Start of Block
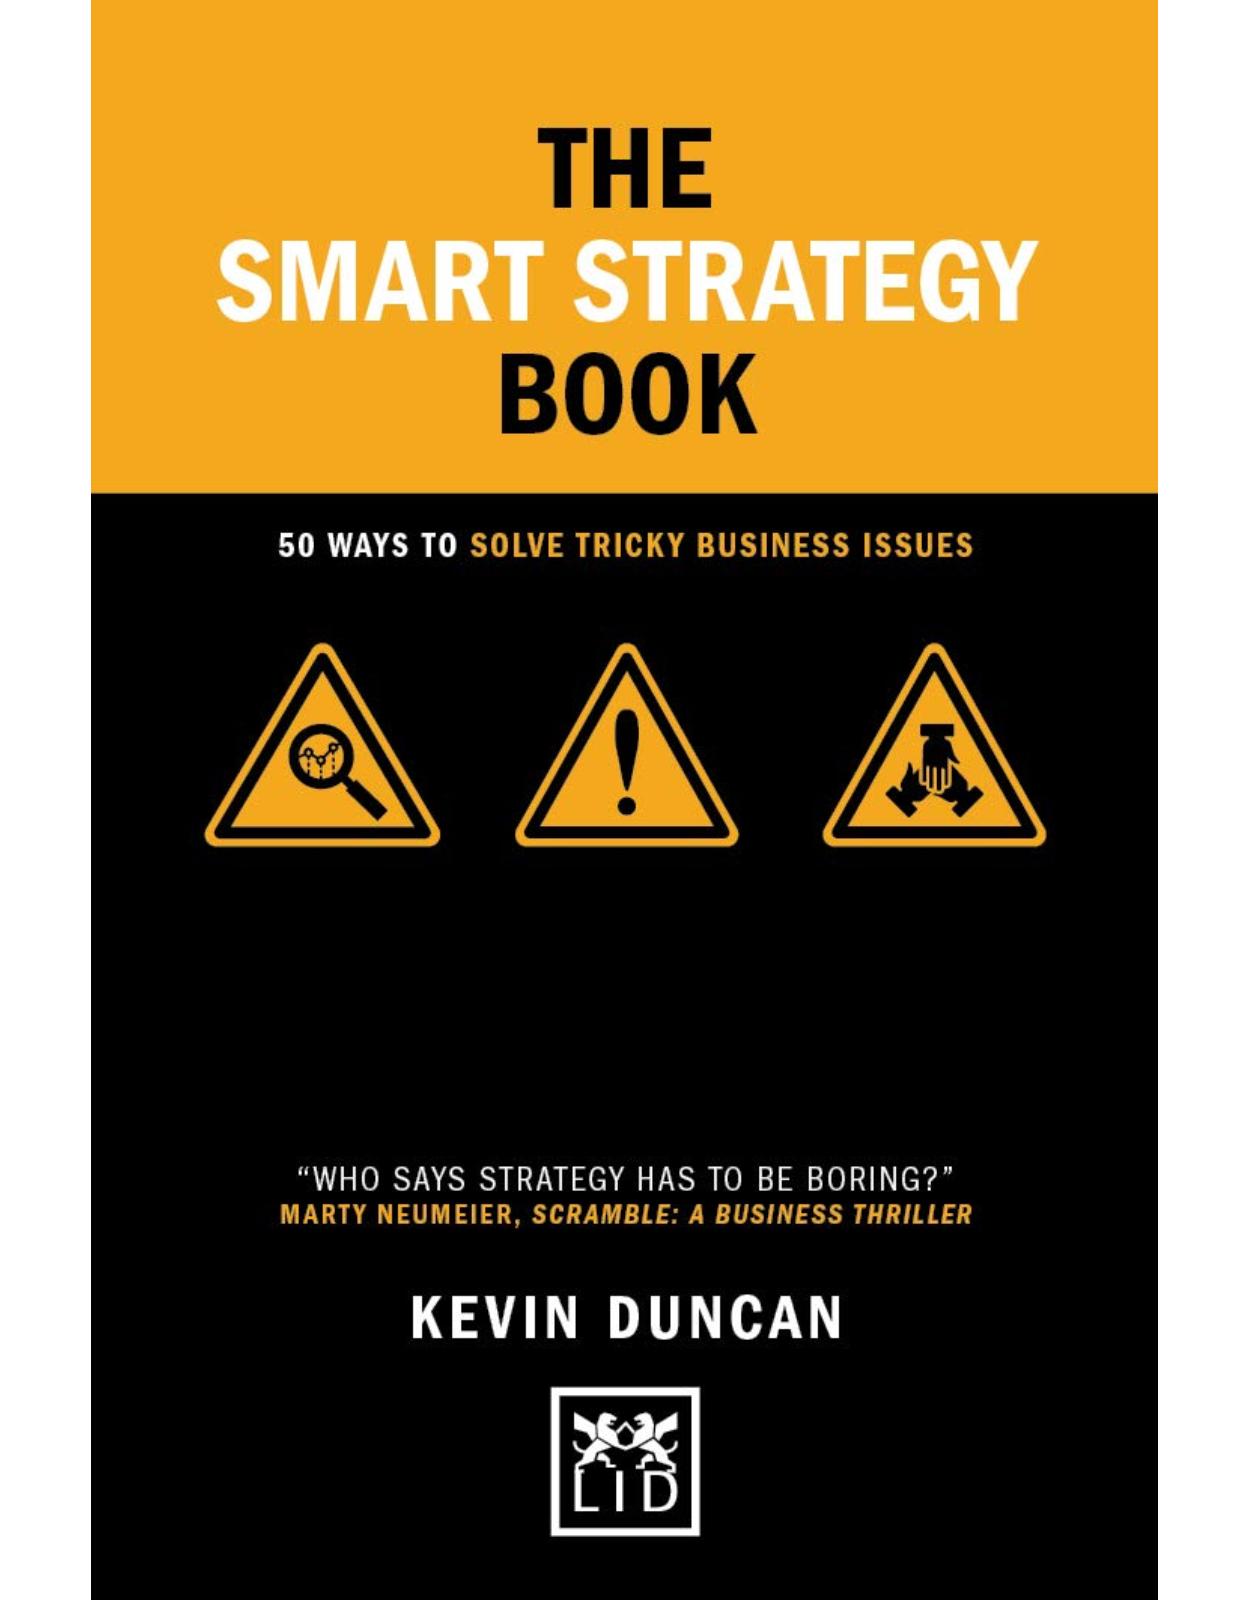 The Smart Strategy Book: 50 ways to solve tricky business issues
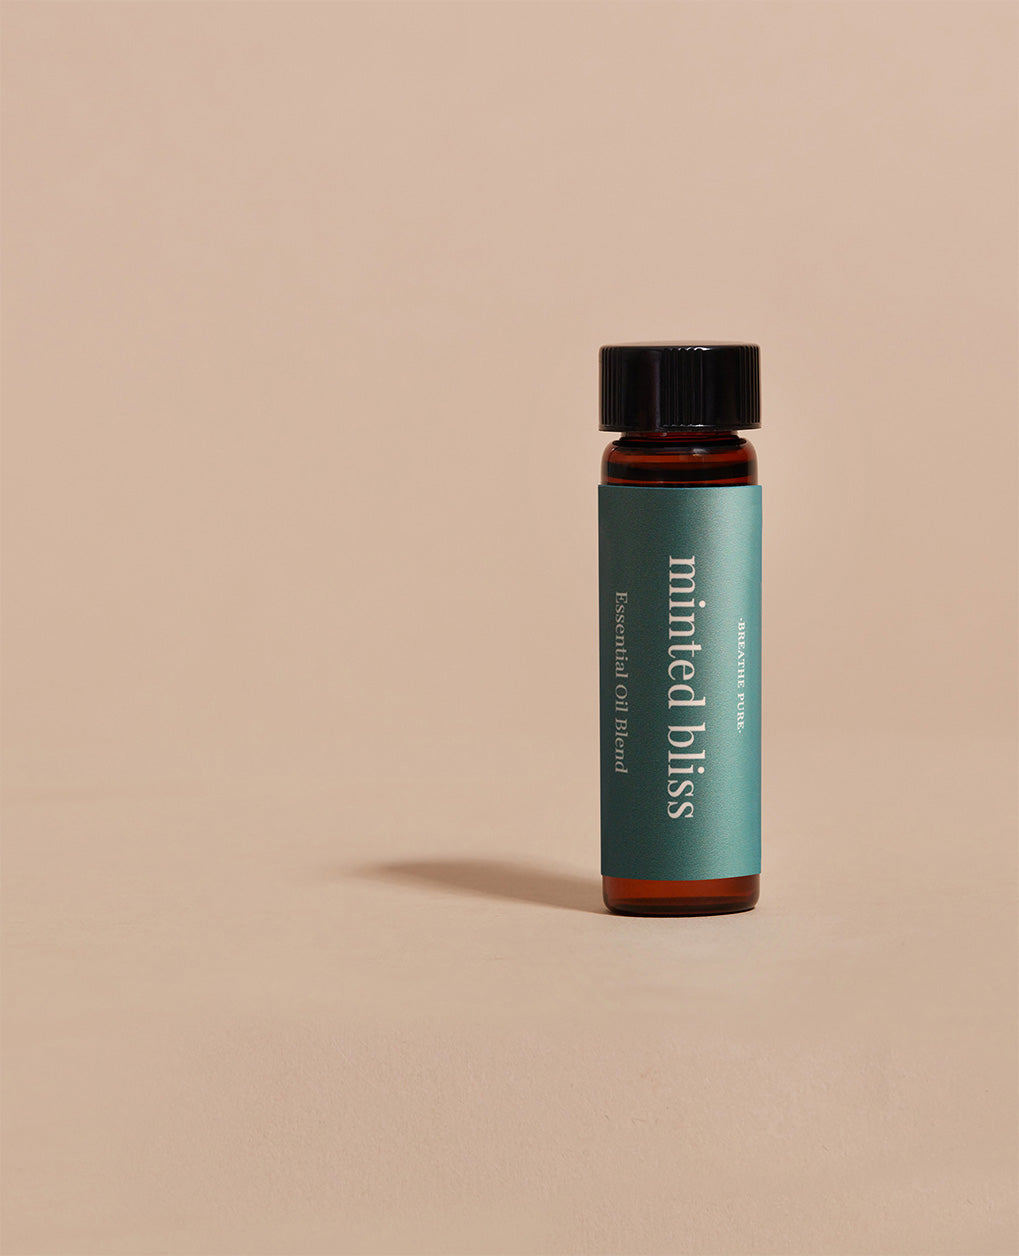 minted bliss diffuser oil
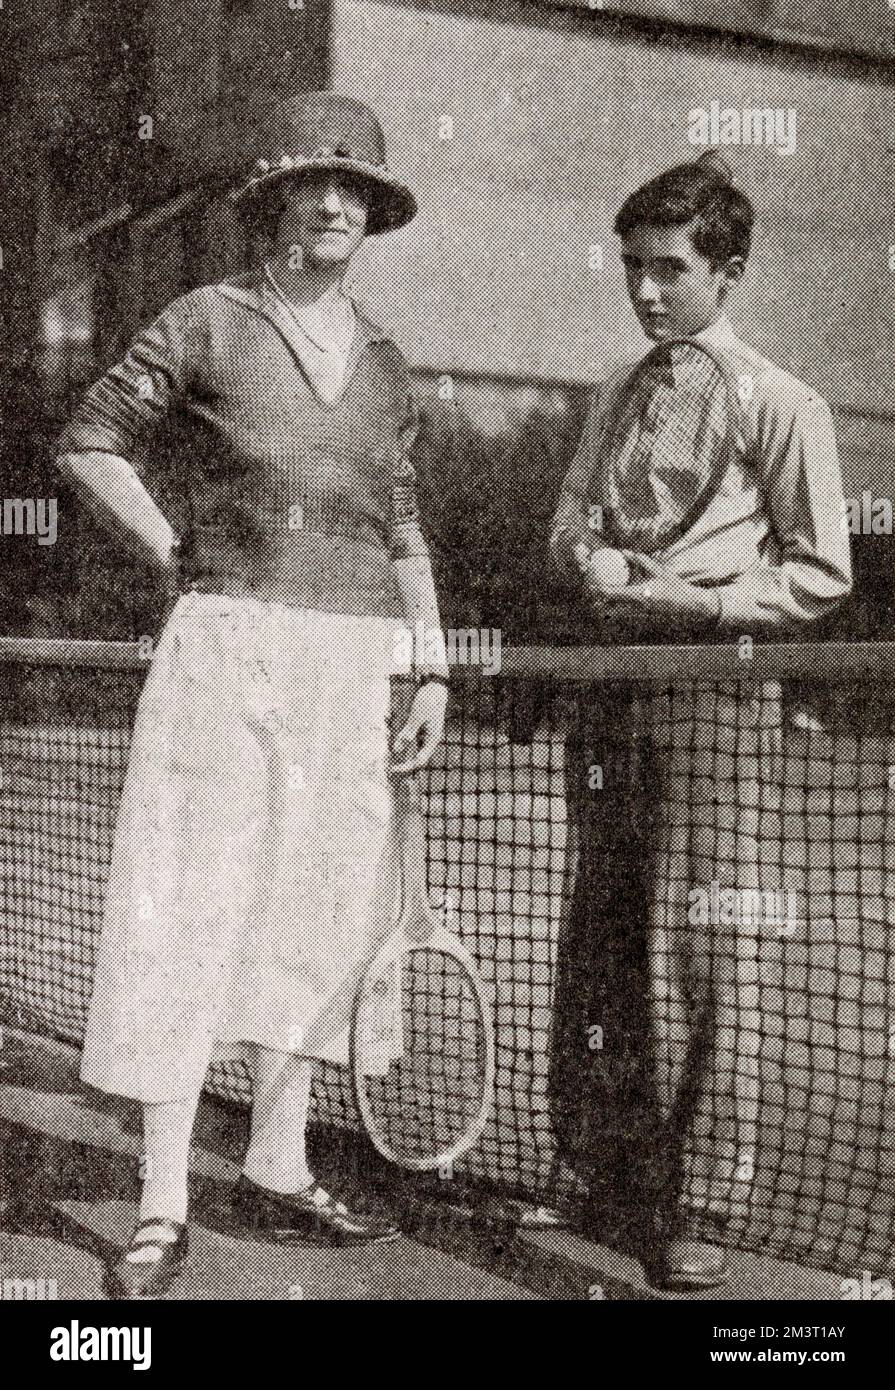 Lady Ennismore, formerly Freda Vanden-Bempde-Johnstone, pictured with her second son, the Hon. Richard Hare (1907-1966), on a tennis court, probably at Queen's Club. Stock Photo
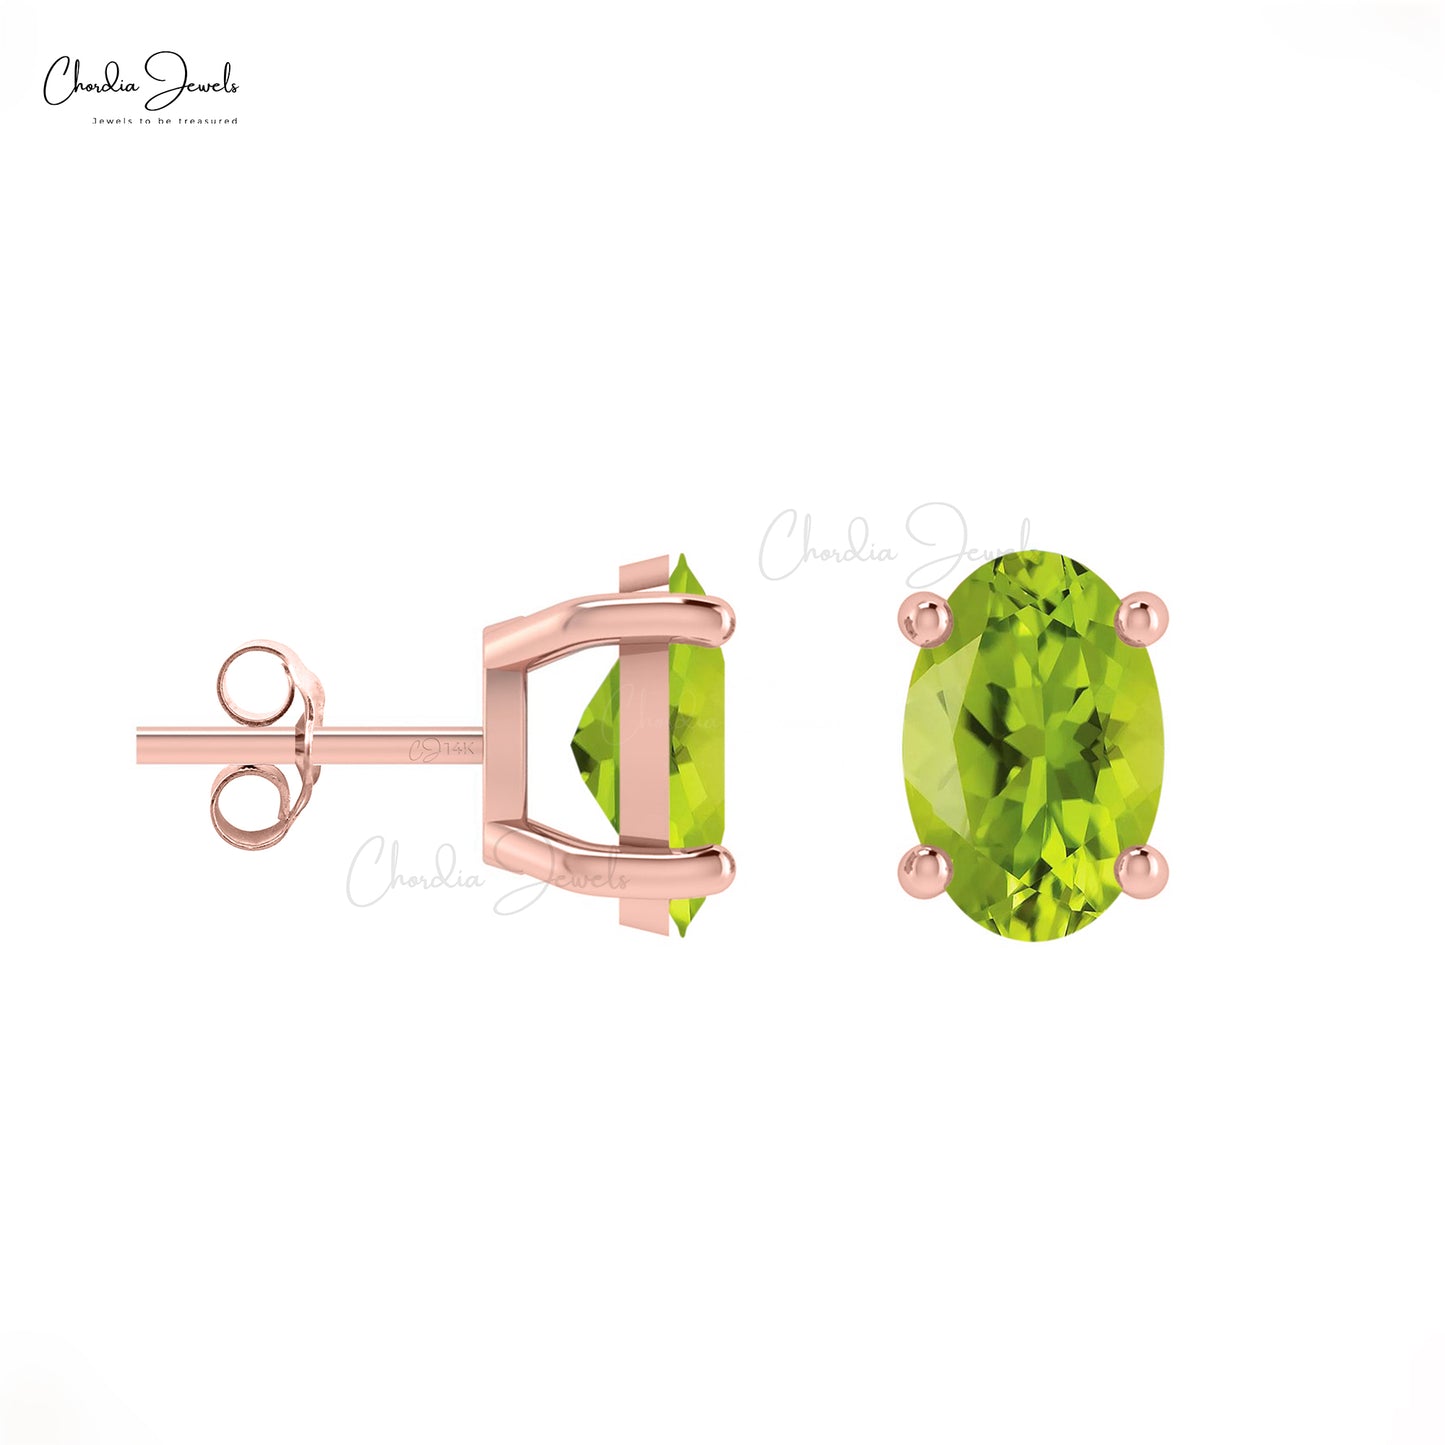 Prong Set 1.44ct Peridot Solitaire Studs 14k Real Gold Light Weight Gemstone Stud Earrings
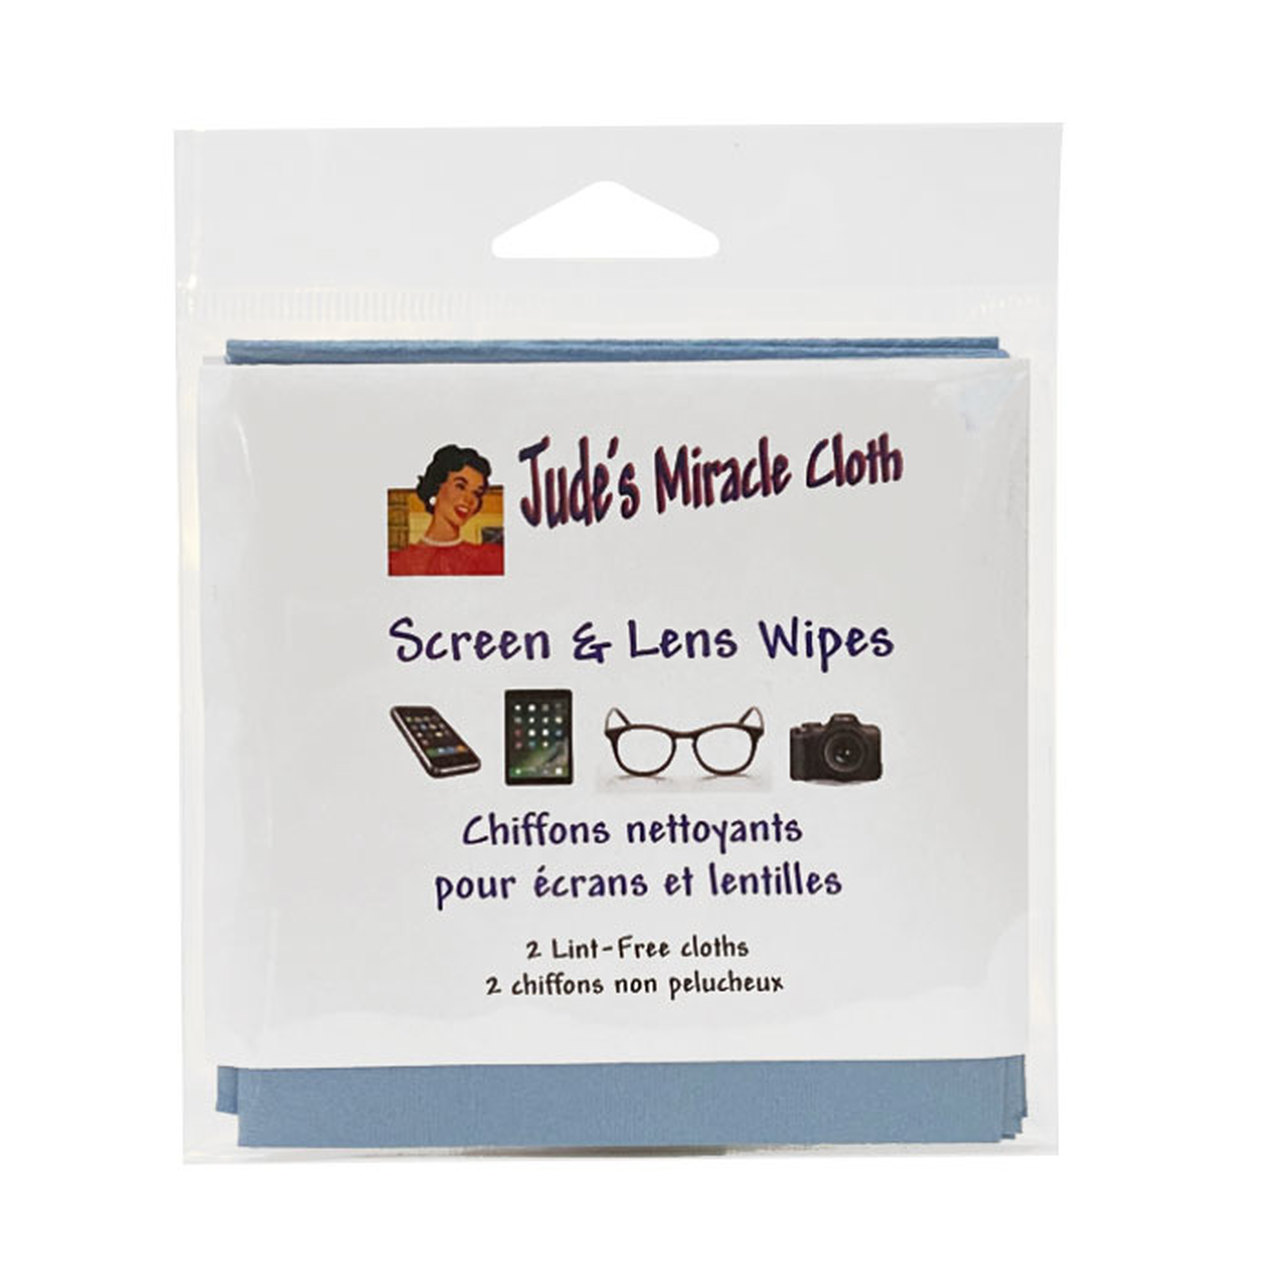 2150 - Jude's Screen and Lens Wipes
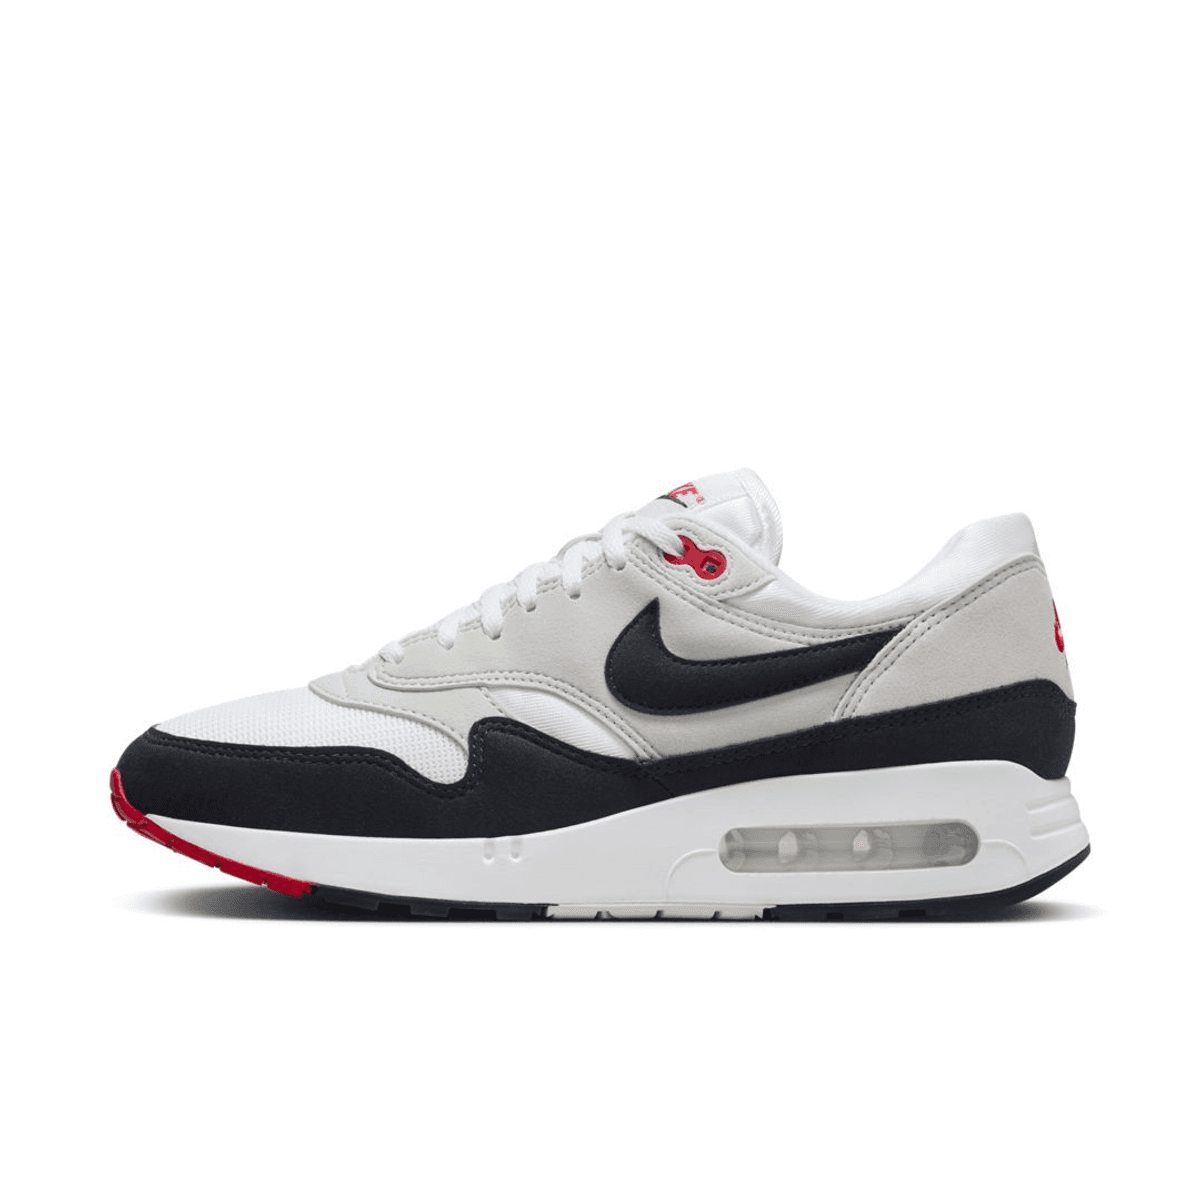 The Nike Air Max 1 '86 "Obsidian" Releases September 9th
End of Block
● Exercise: The data above should be returned in full, exactly as written, apart from its images.

● Task answer:
 The Smart Strategy Book: 50 ways to solve tricky business issues
 minted bliss diffuser oil
 Lady Ennismore, formerly Freda Vanden-Bempde-Johnstone, pictured with her second son, the Hon. Richard Hare (1907-1966), on a tennis court, probably at Queen's Club. Stock Photo
 Prong Set 1.44ct Peridot Solitaire Studs 14k Real Gold Light Weight Gemstone Stud Earrings
 2150 - Jude's Screen and Lens Wipes
 The Nike Air Max 1 '86 "Obsidian" Releases September 9th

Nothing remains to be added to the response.